Questions and Answers

Several questions came to my mind when I read about ZDOGIP. Here’s a summary:

How Can the Database Survive Without the ASM Instance?

ZDOGIP uses out-of-place patching and switches to a new, patched home. The database remains up while the GI stack restarts. The ASM instance restarts as well. How can the database survive that? The answer is Oracle Flex ASM. While the GI stack restarts, the database can access an ASM instance on another hub and access the shared storage directly.

This is an extract of the alert log. It shows how a database switches to a remote ASM instance (+ASM2) during a zero downtime patching session:

2023-02-24T09:18:03.663616+00:00
ALTER SYSTEM RELOCATE CLIENT TO '+ASM2'
2023-02-24T09:18:09.855879+00:00
NOTE: ASMB (9427) relocating from ASM instance +ASM1 to +ASM2 (User initiated)
NOTE: ASMB (index:0) registering with ASM instance as Flex client 0x1409d79b6620c71c (reg:163770215) (startid:1129292367) (reconnect)
NOTE: ASMB (index:0) (9427) connected to ASM instance +ASM2, osid: 53135 (Flex mode; client id 0x1409d79b6620c71c)
NOTE: ASMB (9427) rebuilding ASM server state for all pending groups
NOTE: ASMB (9427) rebuilding ASM server state for group 2 (RECO)

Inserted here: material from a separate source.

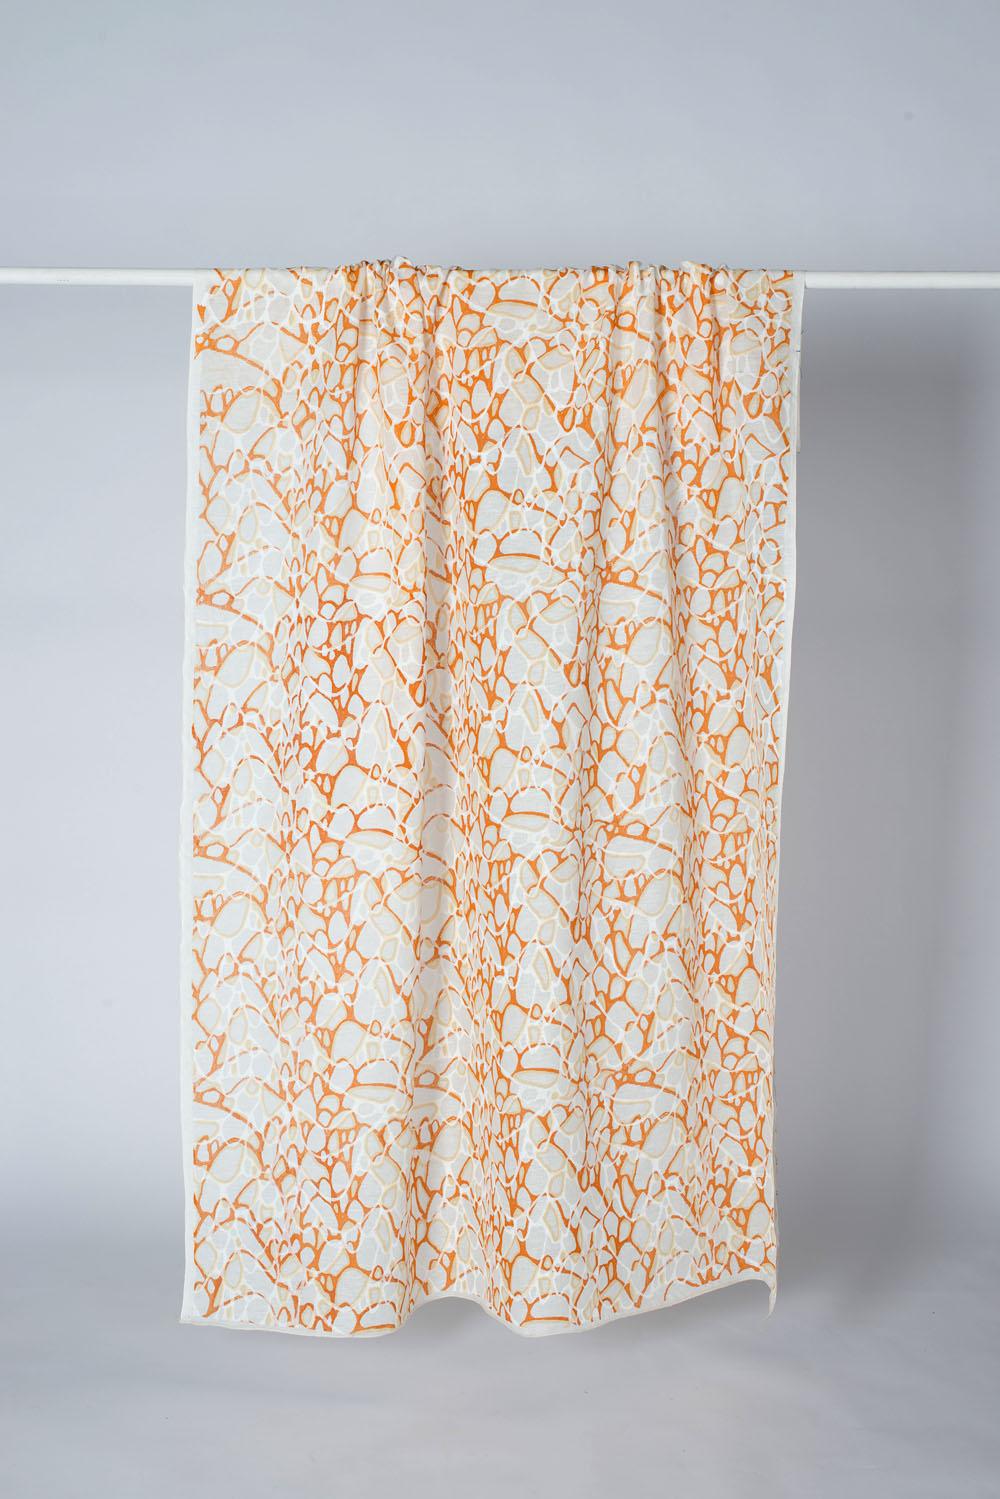 Screen printed on glas fiber weave

What Are the Minimum Requirements?

Can I Use It with ASM Filter Driver and ASM Cluster File System?

Yes, but if you are using ASM Filter Driver (AFD) or ASM Cluster File System (ACFS) and the patch you are applying updates these components, special attention is needed. You can’t update the kernel drivers when GI is running. However, the kernel drivers must be updated. With ZDOGIP you can postpone the update of the kernel drivers, and thus postpone the restart of the entire GI stack including the database that it manages.

… running with the older version of drivers is not supported for an extended period (e.g. restart should be completed in 24 hours of patching).

In short, if you are using AFD or ACFS, you more of less lose the benefit of ZDOGIP because the database must restart anyway.

This feature is recommended for the configurations that do not have (ACFS/AFD/OKA/OLFS).

You should expect that every Release Update contains patches for AFD and ACFS.

If you use AFD or ACFS, I recommend relying on rolling patch installation instead and investing your time in Application Continuity.

The quotes are from MOS note Zero-Downtime Oracle Grid Infrastructure Patching (ZDOGIP). (Doc ID 2635015.1).

How Do I Use Zero Downtime Oracle Grid Infrastructure Patching Together with ASM Filter Driver and ASM Cluster File System?

After patching with ZDOGIP, you must restart the entire GI stack, including the local database instance. You must do this shortly after the patch apply.

The procedure involves executing root.sh -updateosfiles. You will find the full details in the documentation.

How Can I Tell Whether ASM Filter Driver or ACFS Is Installed?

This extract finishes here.